You can test it now. It should look very much the same as before, because we have not moved or rotated the camera. If you do not see a triangle any more, you can remove either the projection or view matrix from the gl_Position = proj * view * vec4 (vertex_position, 1.0); line in the vertex shader to isolate which matrix is the problem.

Keyboard Controls

We can use GLFW's keyboard manager to see if a button was pressed. I am going to use WASD for moving forwards, backwards, and sliding left and right. I will use the left and right arrow keys to turn around. It's not going to change the direction of movement as you turn, but you could calculate this too if you like. I added pgup/pgdwn for moving vertically. I don't recalculate my view matrix straight away, but I raise a flag. This is just a small optimisation in case more than 1 button is pressed. This code should go inside the main loop.

Common Errors

3d programming tip:. The first thing to do is draw a diagram of your scene on paper. Where is the camera? Where is the geometry? Is the camera in front or behind the geometry? How big is the geometry? Is it pointing the right way? Then you can compare your hand-calculations with what you wrote in the code. This will help you spot 9/10 mistakes in 3d programming. If you can't draw the problem, yet you've started coding then you need to go back to the theory.

The most common mistakes from the lab:

  • I see a white shape and the camera isn't working! - Check your shader logs for errors. Check if your glGetUniformLocation() calls returned less than 0.
  • Error in matrix layout. Perhaps the wrong cell was used, or a small typo. Test by substituting your code with a function from a library.
  • Camera is too close to the object (i.e. both at Z position 0). Remember the near plane will cut off anything in front of a certain distance. If your shape is at 0, try starting the camera at 2.
  • Camera is pointing backwards. Check your -Z and Z values.
  • Camera is above or below or too far either side of object. Check camera position versus extents of object.
  • Matrix rotations in wrong order. There are several matrix rotations.

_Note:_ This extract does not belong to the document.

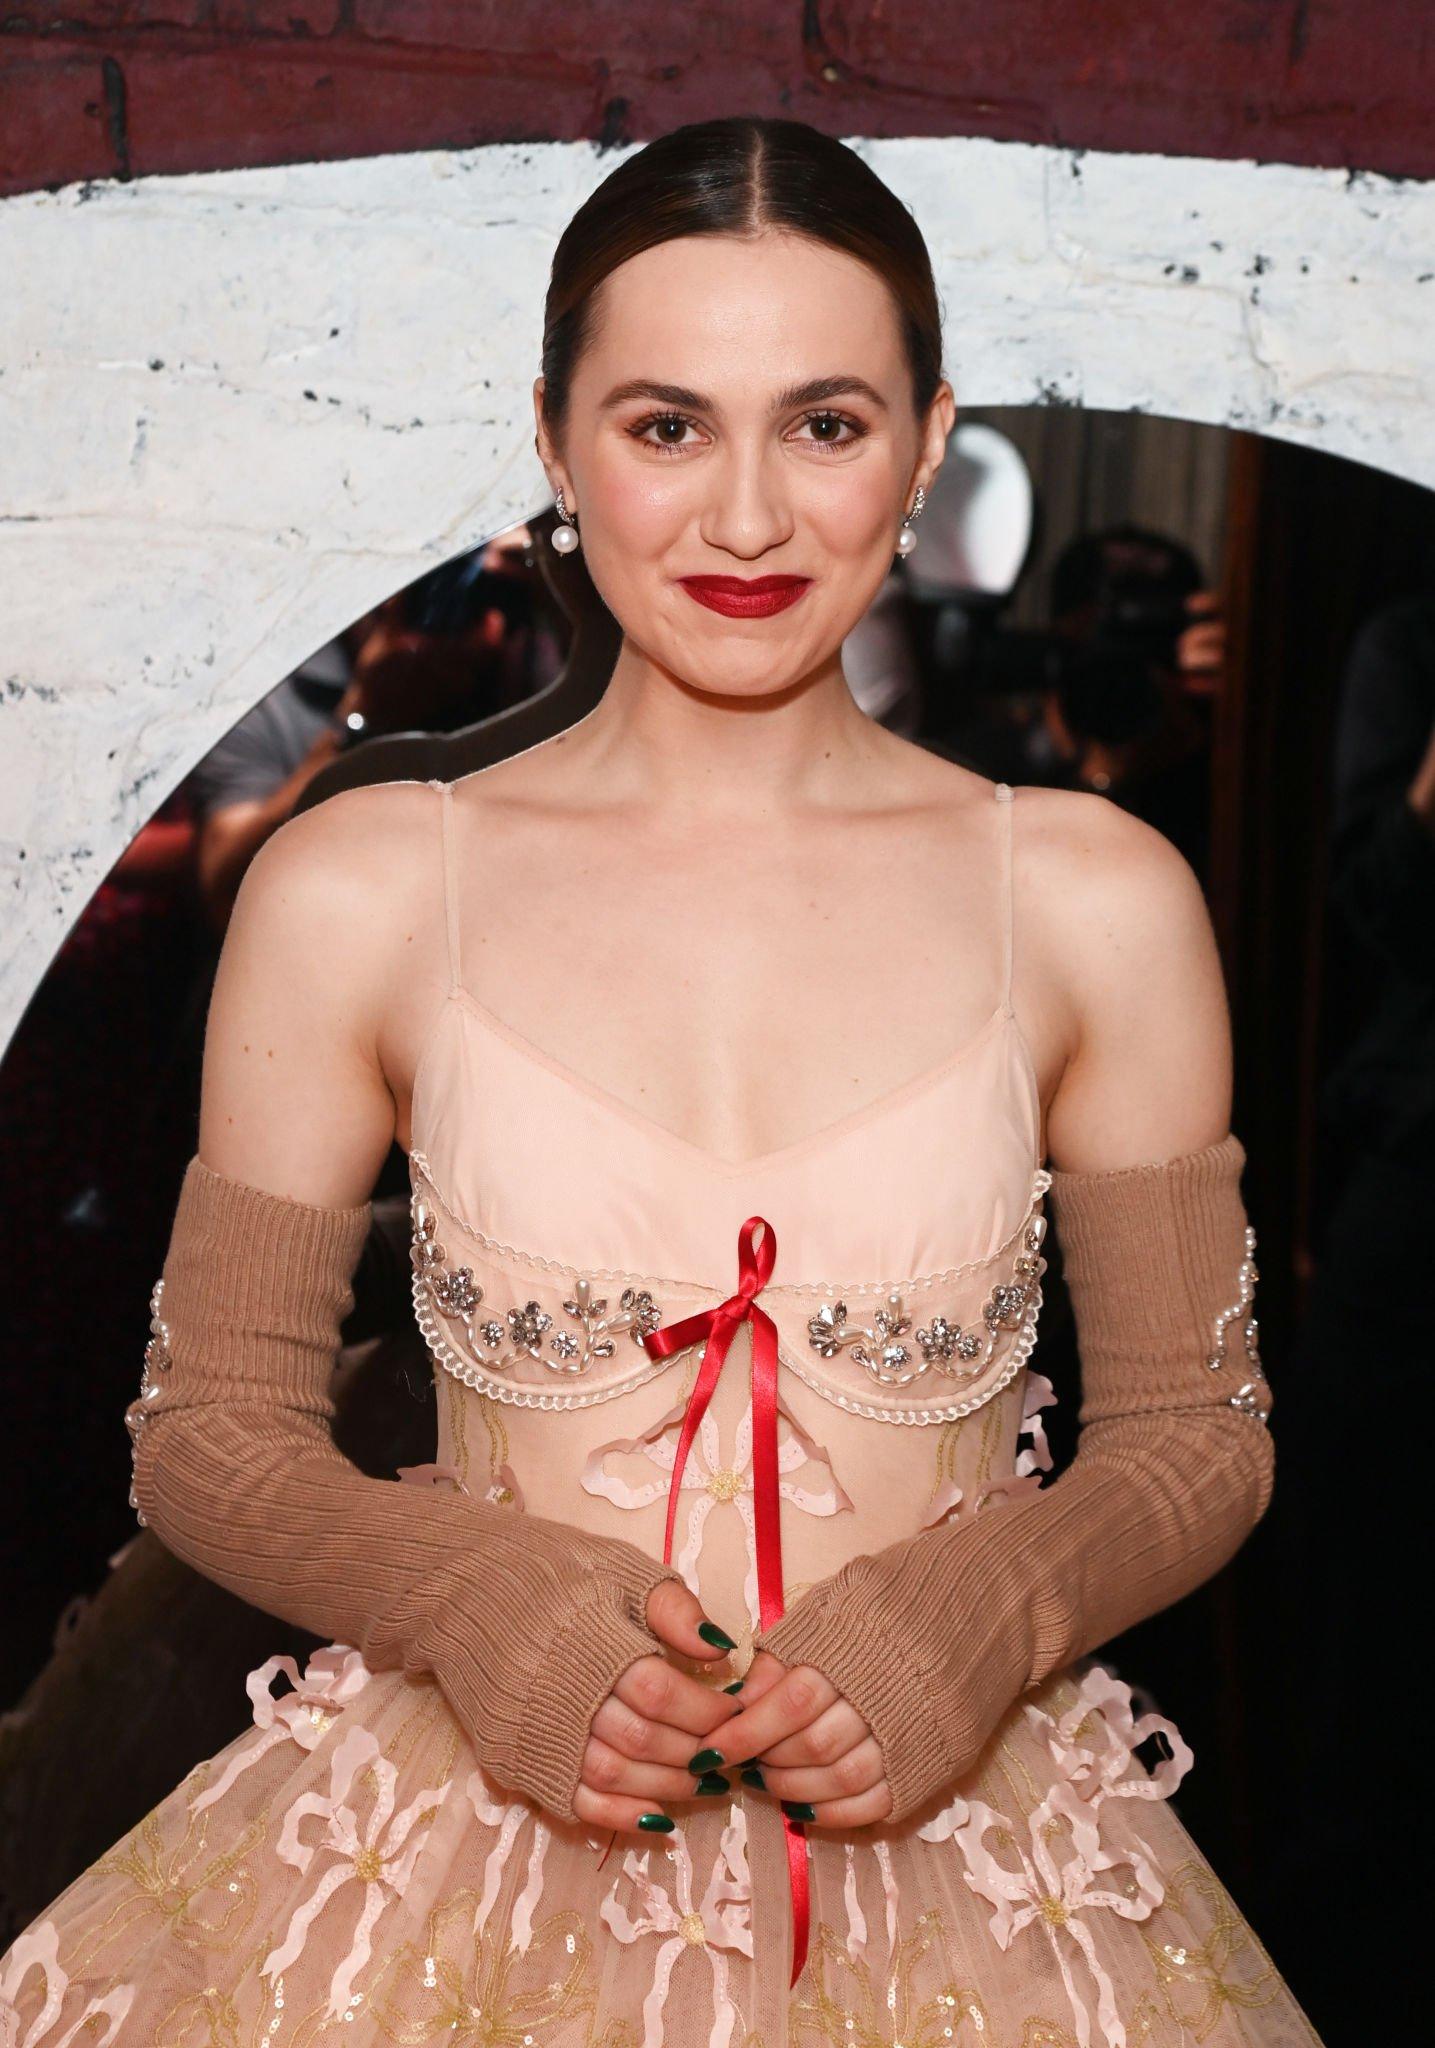 reverie on X: Maude Apatow attending an afterparty celebrating a

Check the projection, model, view in the shader, as well as the view matrix in C.
  • Object is front/back face culling and camera is looking at it from the culled side. Disable face culling to test.
  • Shader code error. Check logs and run shader validation.
  • Mix up between degrees and radians.
  • Matrix layout given manually, but in wrong column/row order.
  • Screen aspect ratio is not using actual view dimensions. Has your view changed? Use values updated from the resize callback.
  • Field of view angle is too big (no shape) or too small (shape covers entire screen). This should be the angle from horizontal to the top of the display (usually 67 degrees). Test with 67 degrees first.
  • Upwards vector not correct in view matrix calculation. If camera pitches or rolls, this should be re-calculated using vector cross products. If your up vector is wrong the camera may spin on the wrong axis when you rotate.
  • Have you attempted to write a view matrix by plugging in the position and rotations directly? Naughty! This will warp the view. Calculate the rotation and translation separately, then multiply them together.

Going Further

Keyboard Call-Back

GLFW has a keyboard call-back which presents a tidier interface than checking every key in the main loop.

Mouse Controls

You could also use the mouse feedback functions from GLFW to rotate the camera. This isn't going to be suitable if you plan to use the mouse cursor to click on things, but would suit some programmes.

Optimisation

The clipping process can save quite a lot of GPU processing time by removing geometry from the hardware pipeline (remember, this diagram gave an overview of the hardware pipeline). This reduces the number of fragment shaders that need to run. But, notice that the vertices outside the frustum have all been calculated already. Various algorithms exist to remove out-of-scene geometry before rendering. You might investigate scene graphs, quad-trees, oct-trees, (which partition the world into a hierarchy of geometry), and frustum culling, which calculates collisions between a frustum-shaped box, and shapes approximating the geometry. Shapes that do not collide with the frustum-shape are culled (not drawn).